When his career ended and Lock, Stock was a success, he parlayed that into his first starring role Mean Machine, a British remake of the 70's Burt Reynolds flick. Here Jones was playing a footballer with a bad reputation and it was surprisingly good, if not exactly a stretch. Since then Jones has become one of Hollywood's more recognizable faces. While he'll never win an Oscar, he has had a successful career as a result of his real life image as sport's bad boy and this immortal line in Superhero lore.

Father William O' Malley

When William Friedkin was shooting The Exorcist, he sought the co-operation of the Catholic Church, particularly in helping his lead, Jason Miller to prepare and to accurately portray, as much as would be permitted the concepts the movie discussed. Father O' Malley became a technical advisor and was a seemingly natural fit to play the role of Father Dyer, friend to Damian Karras as he had some limited stage experience.

While a small role, it was a pivotal one and O'Malley was not spared or given any leeway as a first time movie actor from Friedkin's controversial methods. Famously, during the final scene, where Dyer gives his friend The Last Rites, Friedkin felt he was too cold and emotionless. When the real-life priest related that he had done several takes and that this was a difficult situation to maintain emotion, Friedkin asked him "do you trust me?", silently rolled film and belted him across the face!

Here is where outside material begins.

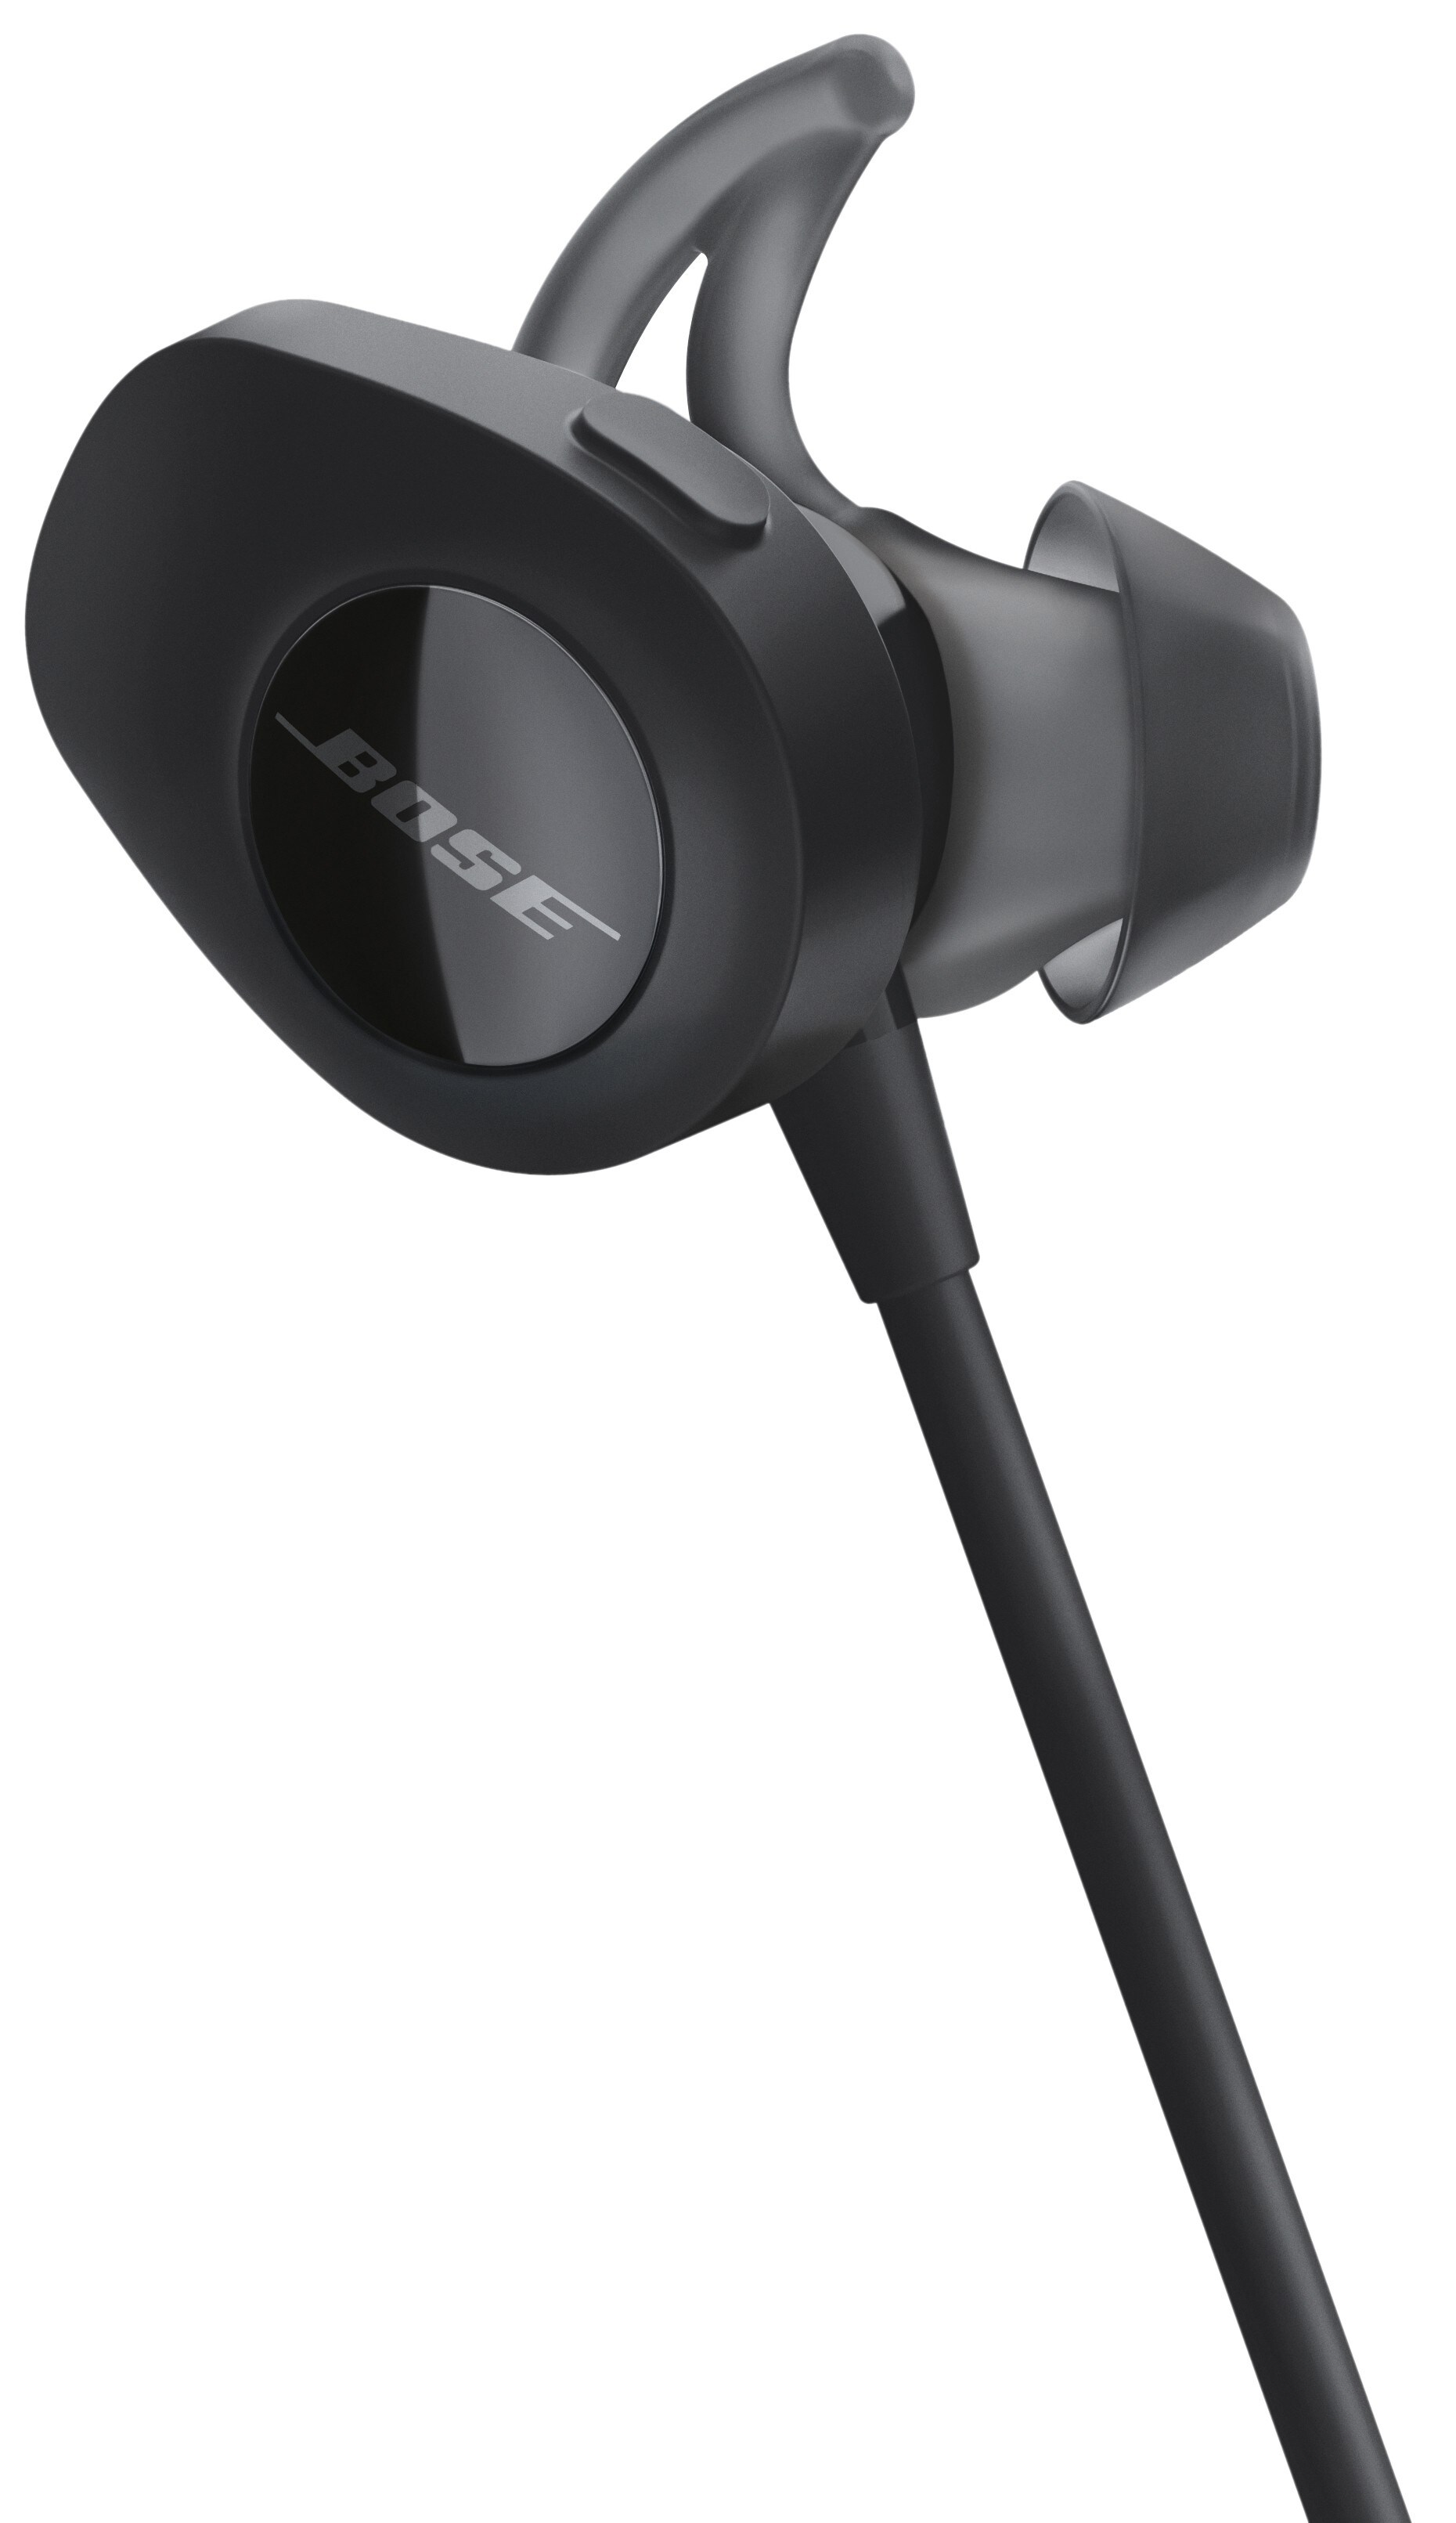 Bose SoundSport trådløse hodetelefoner (sort) - Hodetelefoner - Elkjøp

The real life shock, anger and pain immediately got the performance the director was looking for and is arguably the most emotional point of the film. O'Malley's role saw more controversy when his final scene with Lee J. Cobb's Detective Kinderman was cut, to the dismay of author William Peter Blatty,.although Friedkin felt it was not needed.

Father O'Malley's portrayal didn't lead to a long term acting career, but he is known for being the first real-life Catholic Priest to also portray one onscreen, and later became a Professor of Theology.